Consumers spending, businesses aren’t. Who’s right?
One of the hard things about projecting how the economy will evolve in the coming months is that two different sides of it are sending completely opposite signals.
American consumers keep buying stuff, driving solid growth through the first half of the year. On Friday, the Commerce Department reported that consumption spending rose a healthy 0.4% in May (with a 0.5% rise in personal income).
But American businesses are sounding a more pessimistic note, pointing to softer growth ahead, or even contraction. Trade wars and the fading impact of the 2017 corporate tax cuts seem to be holding back businesses’ investment intentions.
Perhaps most worrisome, indications about the future are looking gloomy. Numerous surveys of industrial activity have declined in their most recent readings, suggesting that manufacturing companies in particular are entering hard times.
The result is that American consumers are carrying the burden of keeping the economy out of a significant slump or recession.
For the quarter that ended Sunday, for example, the economic research firm Macroeconomic Advisers projects that personal consumption will have risen at a 3.7% annual rate, while business spending on structures and equipment will have fallen at annualized rates of 4.6% and 4.4%.
Those and other forces, in those estimates, suggest moderate economic growth, a net 2% rate.
There were tentative signs of trade peace between the United States and China last weekend that could improve the outlook for businesses. But as the expansion reaches the decade mark and becomes the longest on record — a milestone reached Monday, assuming the economy doesn’t turn out to already be in recession — the disconnect between the consumer side of the economy and the corporate side will eventually end in convergence.
The big question for the economy in 2020 is just how this will occur.
In the more optimistic view, the challenges facing the corporate sector turn out to be temporary — perhaps a cooling of trade tensions helps — and demand from domestic consumers soon returns businesses to a more expansionary mode.
In a more pessimistic one, slumping business confidence and the cost of trade wars cause employers to pull back on hiring.
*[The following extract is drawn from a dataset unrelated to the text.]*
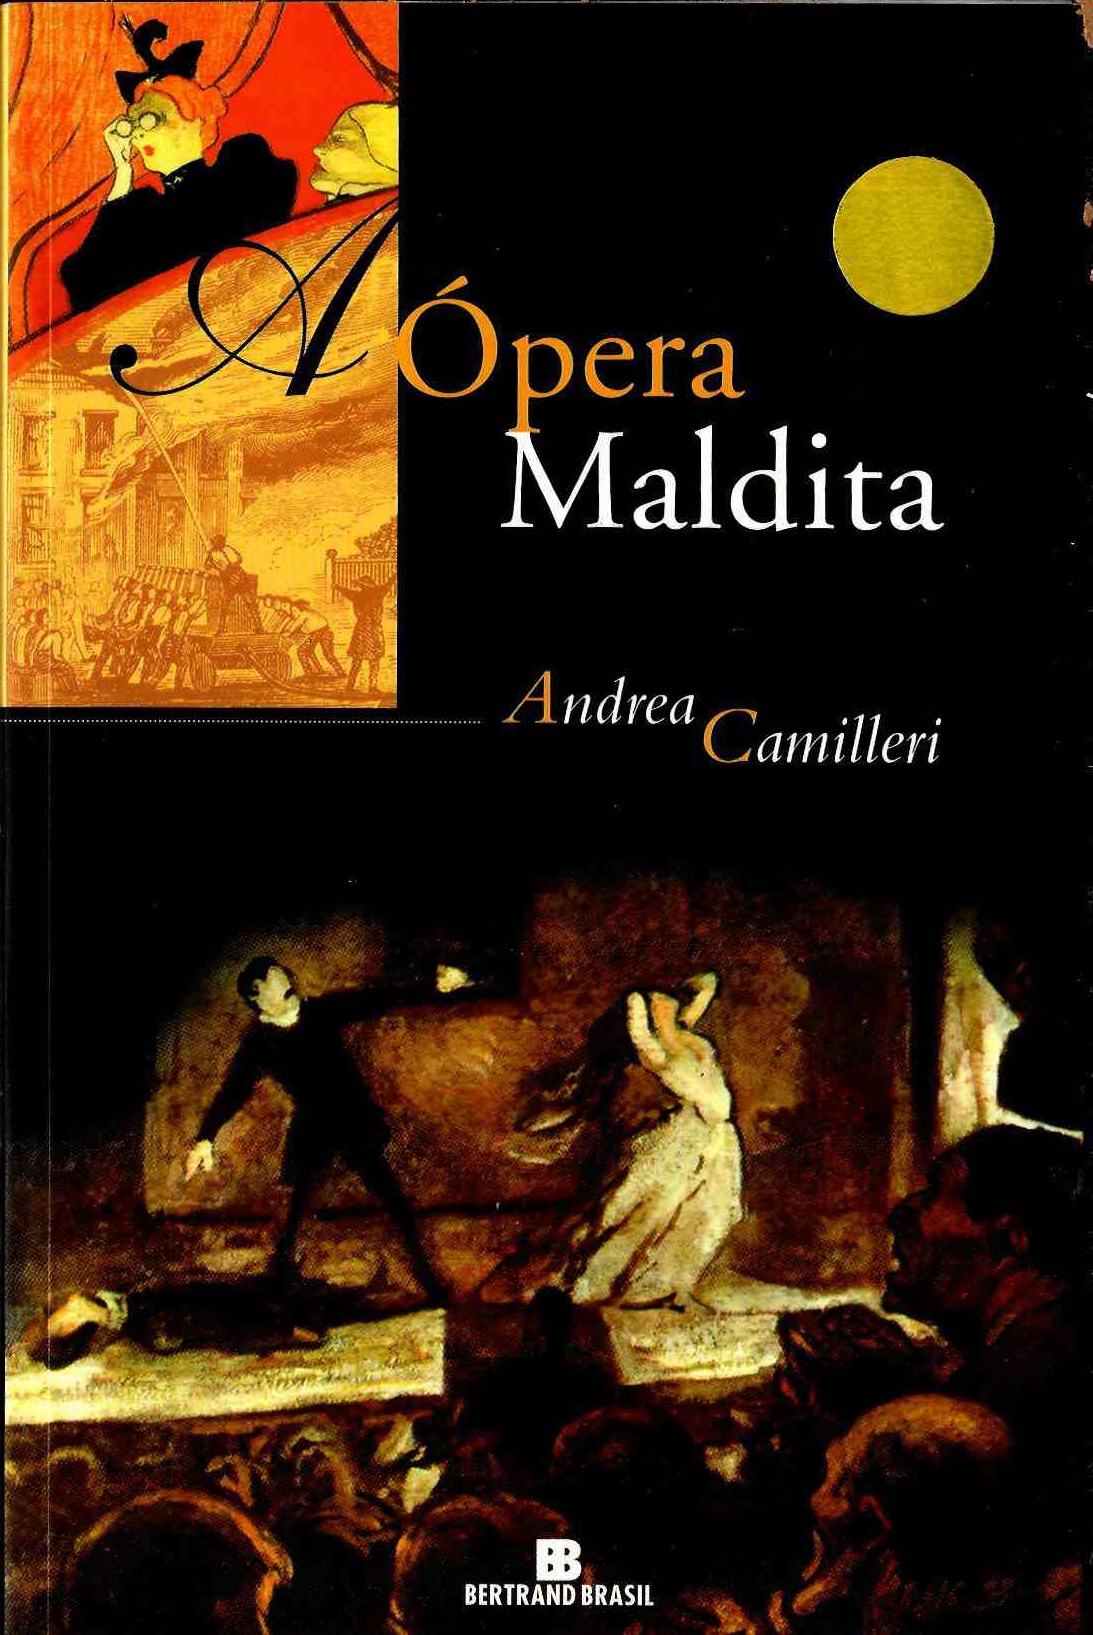 https://www.literaturabrasileira.ufsc.br/_images/obras/a_opera_maldita_2004_(1)_ok.jpg

A softer job market causes workers to become more cautious about their spending and an overall economic slump results.
“We’re expecting a gradual cooling in the economy,” said Lydia Boussour, senior economist at Oxford Economics. “One concern is that trade uncertainty could filter through to lower consumer and business confidence so that you start seeing a feedback loop that slows the economy more significantly.”
There is some evidence that the pessimistic outcome could be on the way. The latest readings on the labor market showed a significant slowdown in job creation in May, and the rate of growth in wages also seems to have slowed.
Surveys of consumers are showing some warning signs too. On Friday, the University of Michigan’s consumer sentiment survey showed that Americans’ expectations for the future fell substantially in June. Its index was 89.3, down from 93.5 in May. The Conference Board’s consumer confidence survey showed an even sharper decline in June from the month before.
The case for optimism comes from the most recent developments in financial markets and the Federal Reserve.
At the start of June, the Fed intended to leave rates unchanged. But over the course of the month, as the businesscentric economic data softened and bond markets increasingly pointed toward a substantial slowdown in the near future, the central bank undertook a major pivot.
Now, the Fed is poised to cut interest rates, perhaps as soon as late July. As it signaled those plans, financial markets moved in ways that encourage consumers.